Alternatives for Families (AF) is a cognitive-behavioral therapy approach designed to bring the whole family into treatment and teach them new communication techniques that will increase effectiveness. This therapy may reduce hostility, prevent conflict escalation, modify dysfunctional beliefs that underlie family issues and build trust among family members. Activities like the Genogram Game and Spoon Game help families understand each other more clearly while strengthening bonds among siblings.

AF-CBT training aims to strengthen relationships between children and their caregivers, particularly in families that experience conflict, physical force/discipline/aggression, child abuse or related family behavior problems. It can be delivered across various settings including outpatient, residential and home-based care settings.

Learning and behavioral theory, family systems analysis, cognitive therapy and developmental victimology all play a part in this approach to abusive parenting/caregiving. Key risk factors identified as being coercive parenting practices, negative attributions for caregiver behavior and family conflict as potential points of abuse; as well as consequences such as child aggression or reduced social functioning due to abusive parenting/caregiving are also examined here.

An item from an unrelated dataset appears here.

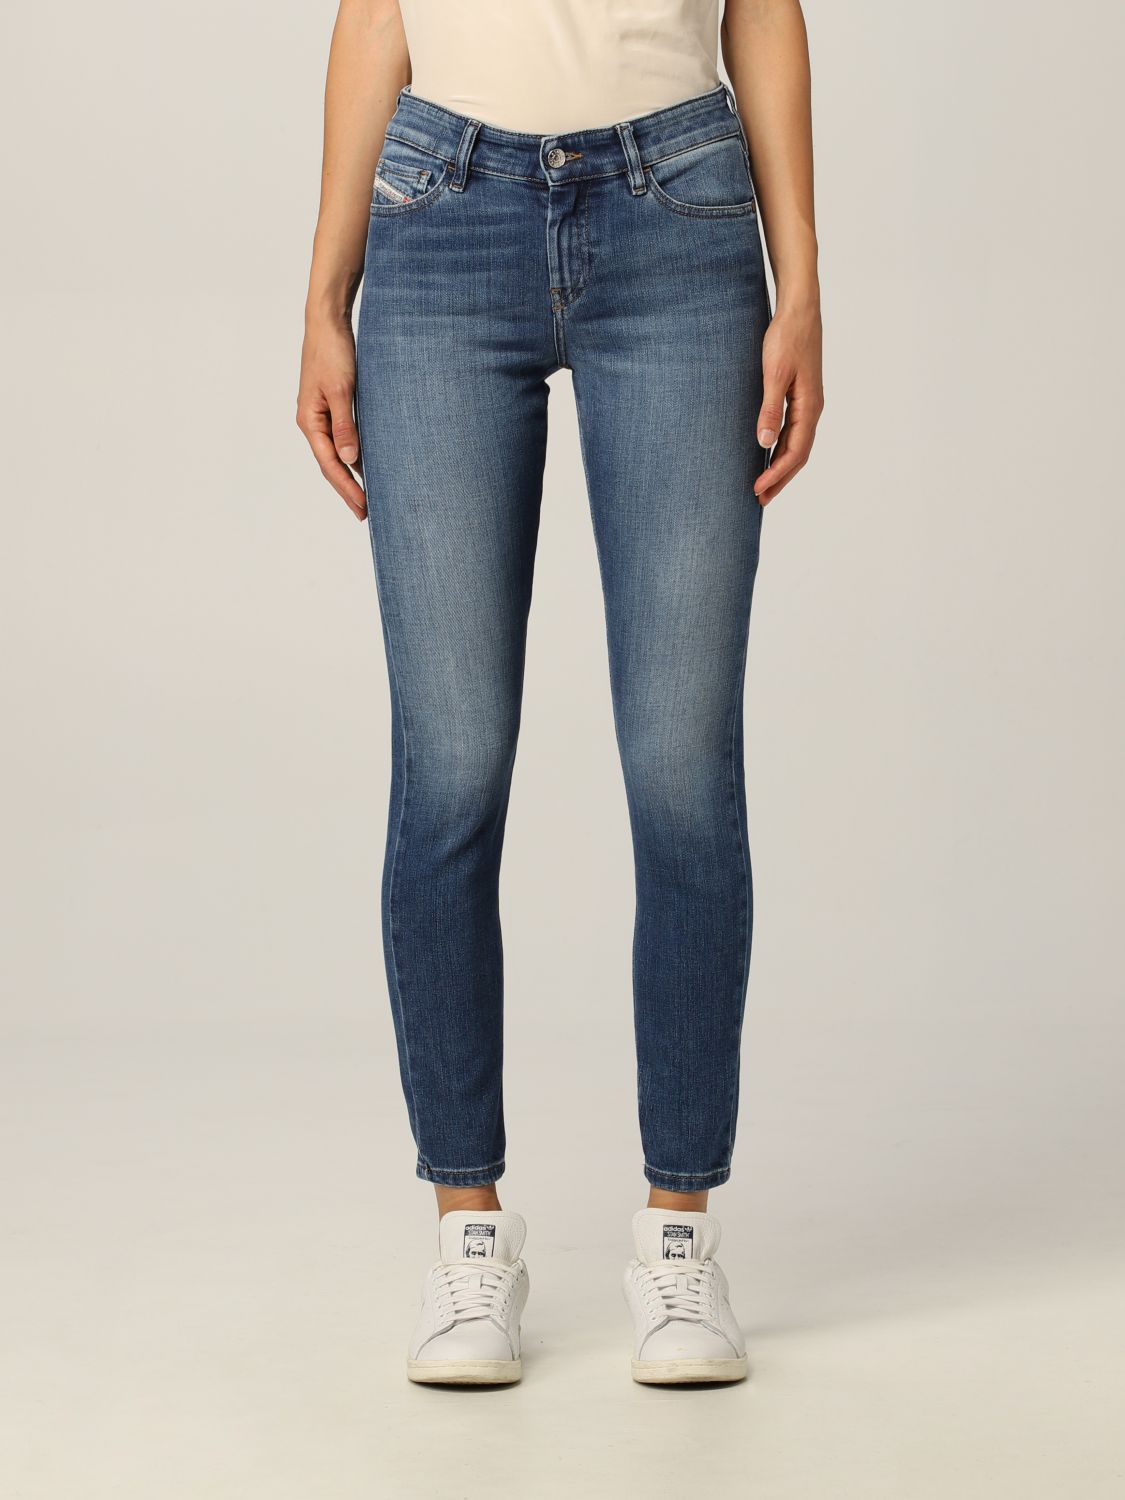 DIESEL: Super skinny fit Slandy jeans - Denim | Jeans Diesel 00SXJM ...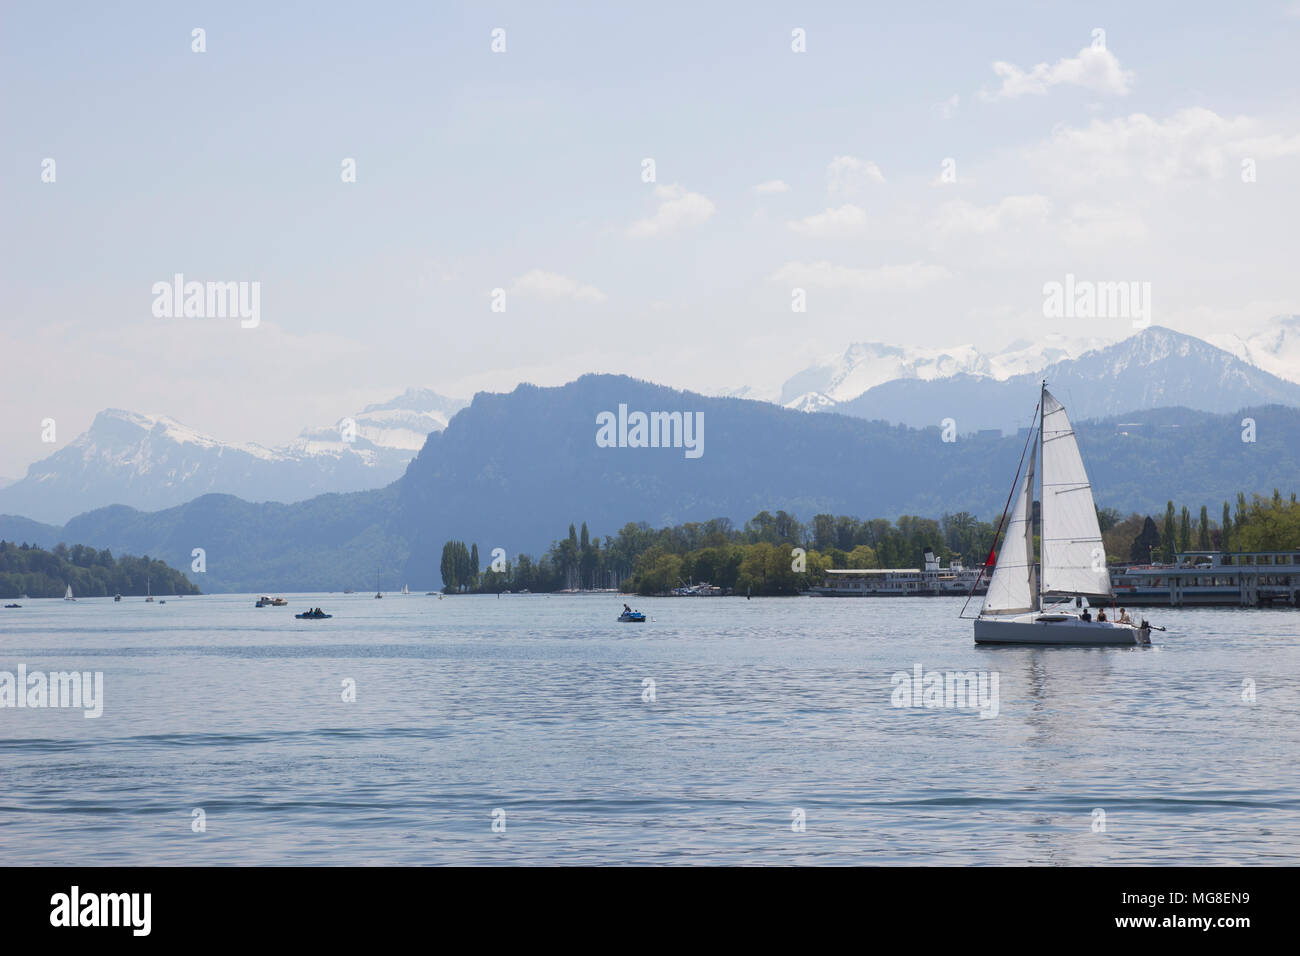 Navire en face de montagnes des Alpes couvertes de neige pics sur le lac de Lucerne, Suisse centrale. Le bateau navigue le long du lac. Banque D'Images

AF-CBT employs a short-term, goal-oriented approach that addresses specific behaviors and communication problems in families. Therapists provide family members with various skills for improving family interactions such as verbal/nonverbal communication, problem-solving techniques and stress management techniques. Furthermore, they encourage participants to identify maladaptive thoughts about themselves or others using tools such as thought records and behavioral experiments in order to alter them.

One study investigated the correlations between using AF-CBT and perceived clinical outcomes at discharge. More specifically, more use of general content of AF-CBT was associated with improved measures of child externalizing behaviors; greater use of abuse-specific content resulted in improved parent ratings of their child’s anger problems and anxiety issues.

AF-CBT typically lasts 6-9 months and involves individual sessions for each child, parent, and caregiver. Sessions usually last 50 minutes each. In the initial few sessions of treatment, parents meet individually with their children for psychoeducation and skill-building; later in treatment children meet together with both their parents/caregivers for family communication and problem solving.